Determine the sample mean of the differences. The mean is the sum of all values divided by the number of values.

\(\bar d = \frac{{0 + 0.0004 - 0.0001 + \cdots + 0.0006 + 0.0002 + 0.0007}}{{13}} \approx 0.0002\)

Determine the sample standard deviation of the differences:

\({s_d} = \sqrt {\frac{{{{(0 - 0.0002)}^2} + \ldots + {{(0.0007 - 0.0002)}^2}}}{{13 - 1}}} \approx 0.0003\)

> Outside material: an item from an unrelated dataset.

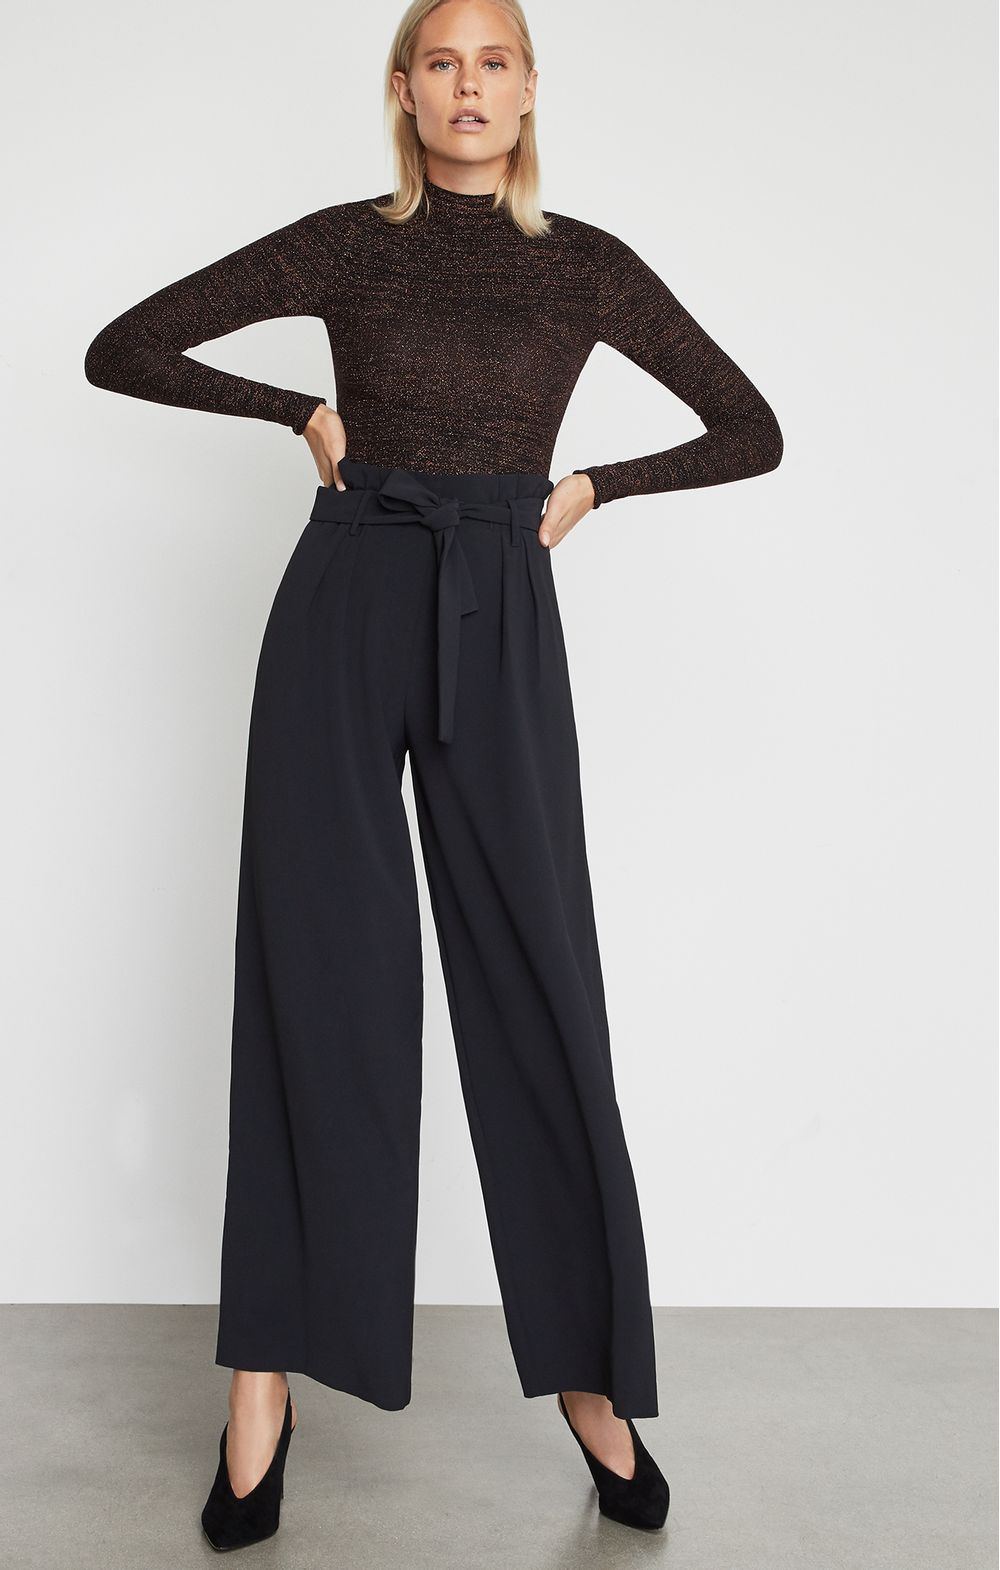 Pantalon-De-Pierna-Ancha-Plisada-COY2H332_001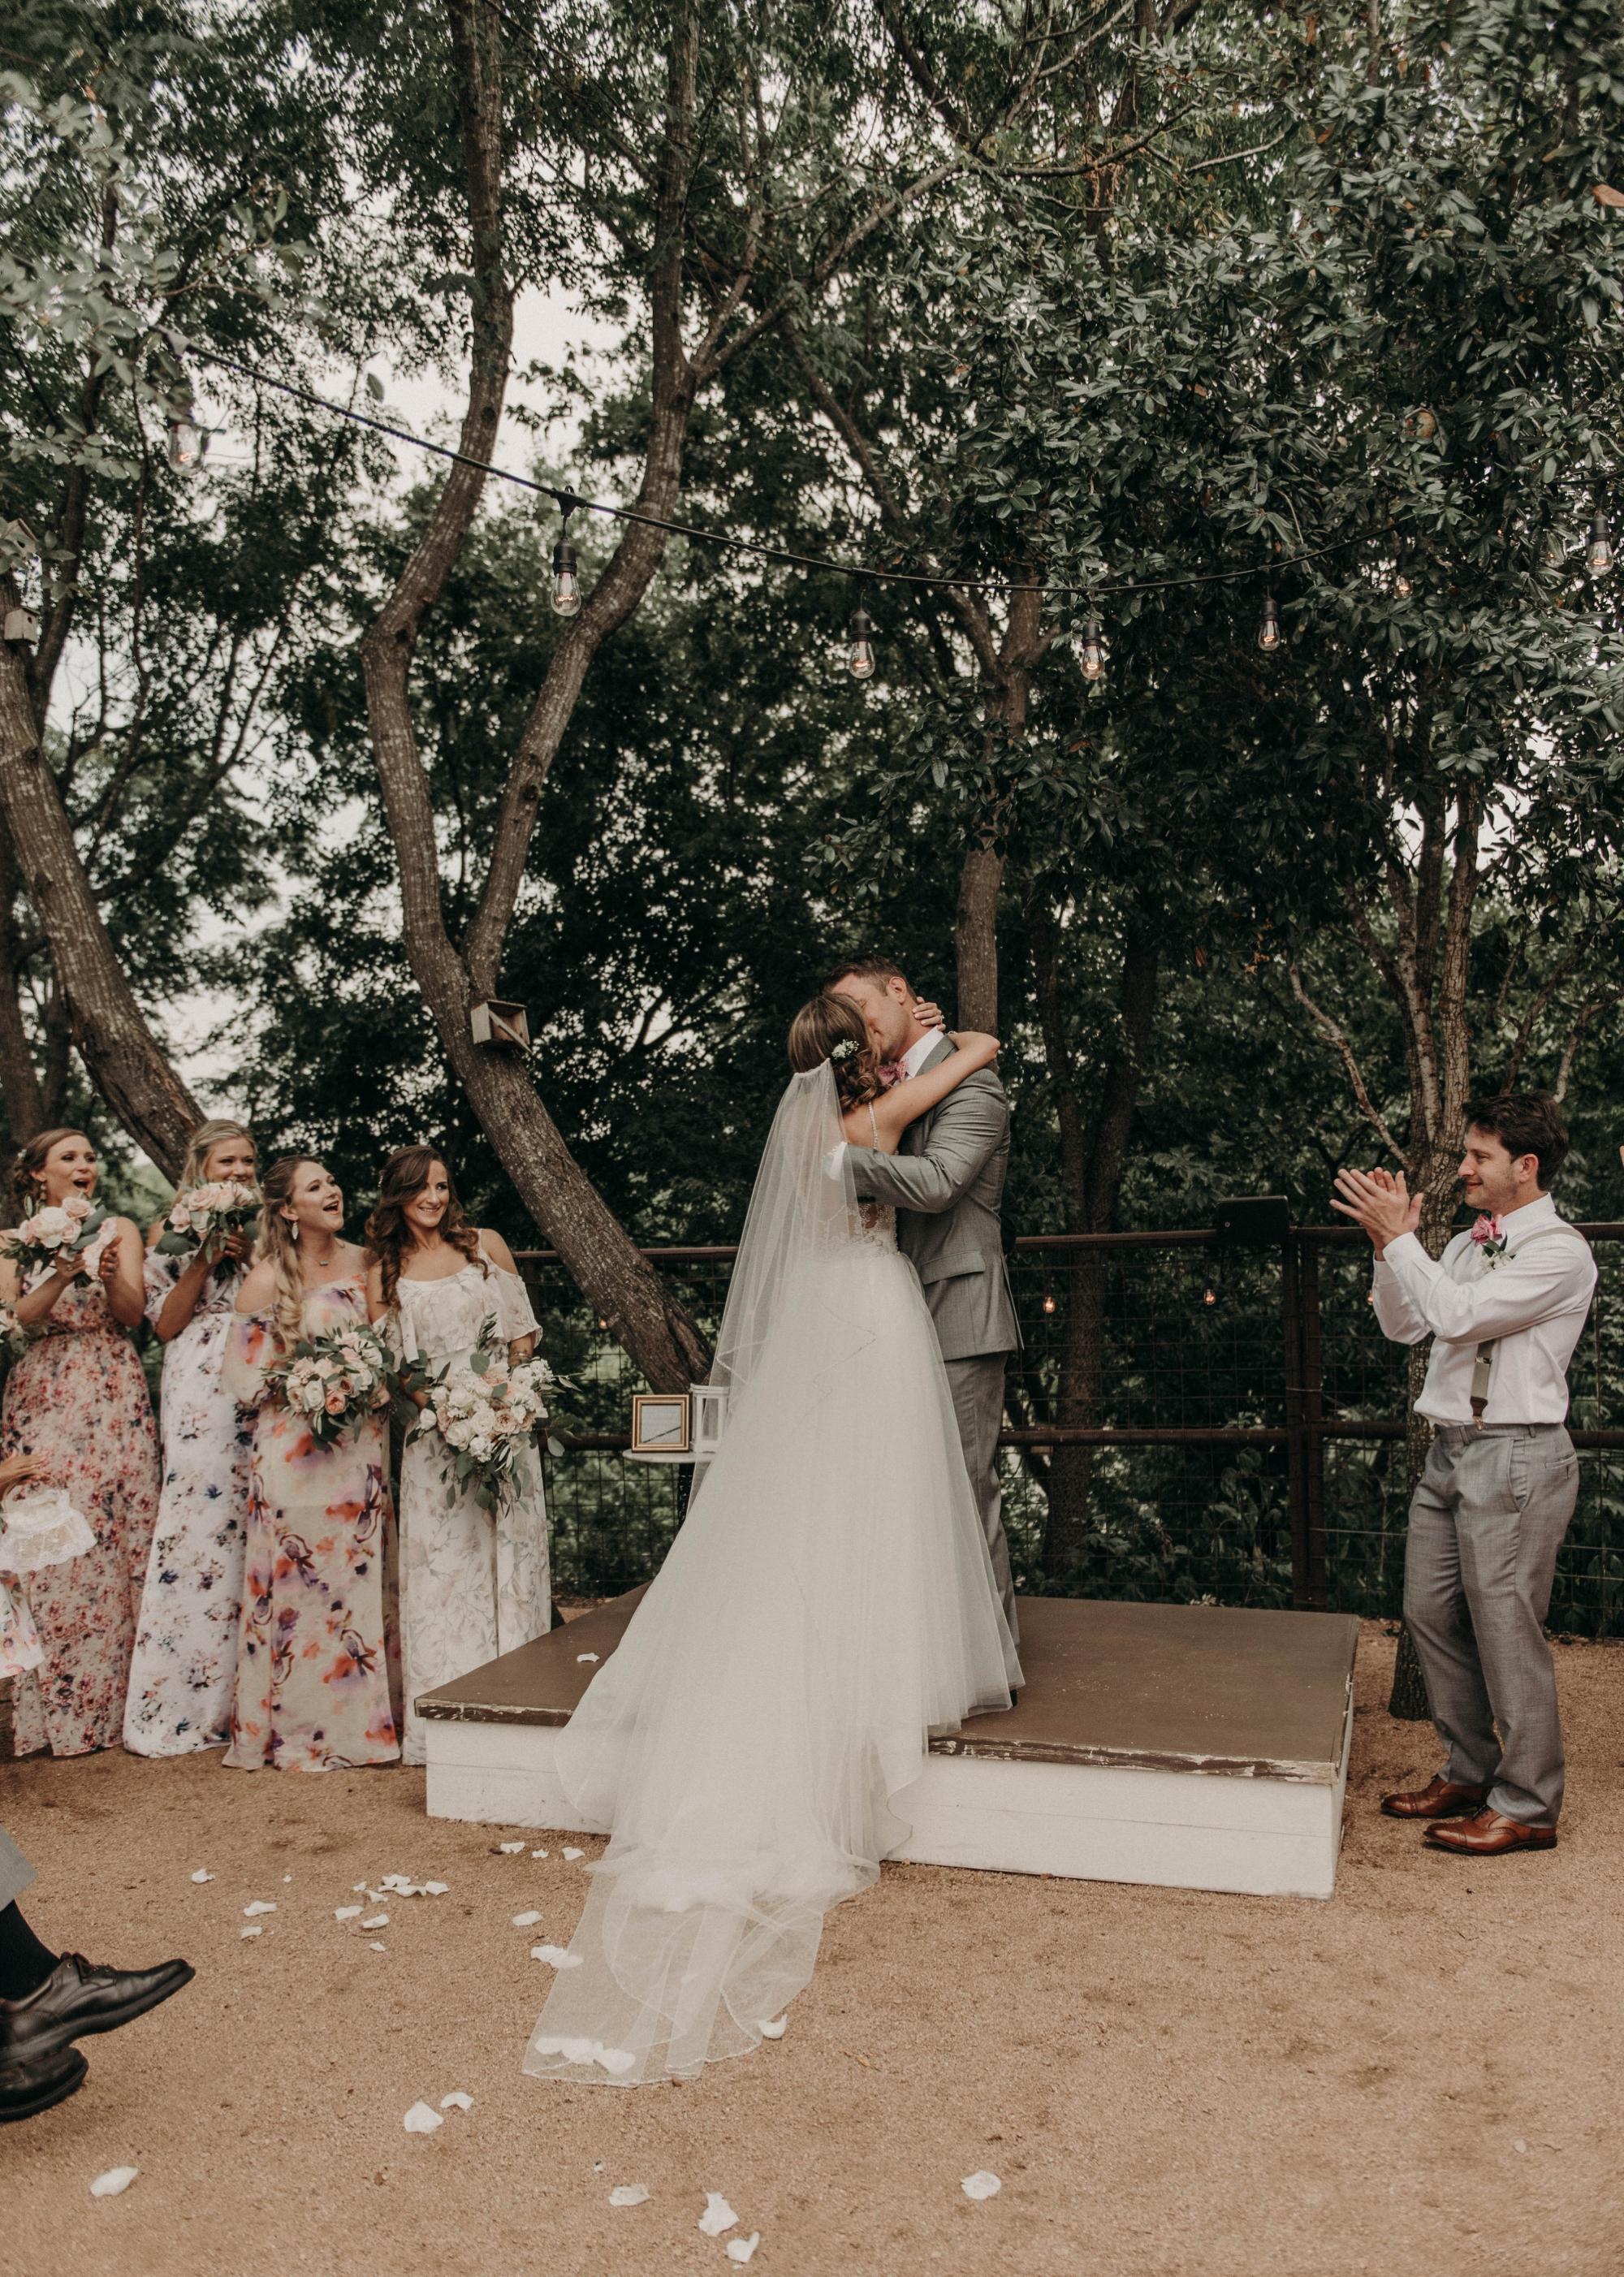 austin-texas-wedding-photography-1778-photographie-15.jpg

Determine the value of the test statistic:

\(t = \frac{{\bar d}}{{{s_d}/\sqrt n }} = \frac{{0.0002}}{{0.0003/\sqrt {13} }} \approx 2.404\)

The P-value is the probability of obtaining the value of the test statistic, or a value more extreme, assuming that the null hypothesis is true. The P-value is the number (or interval) in the column title of the Student's T distribution in the appendix containing the t-value in the row\(df = n - 1 = 13 - 1 = 12\) :

\(0.01 < P < 0.025\)

If the P-value is less than the significance level, reject the null hypothesis.

\(P < 0.05 \Rightarrow Reject {H_0}\)

There is sufficient evidence to support the claim that the true average energy expenditure using the conventional shovel exceeds that using the perforated shovel.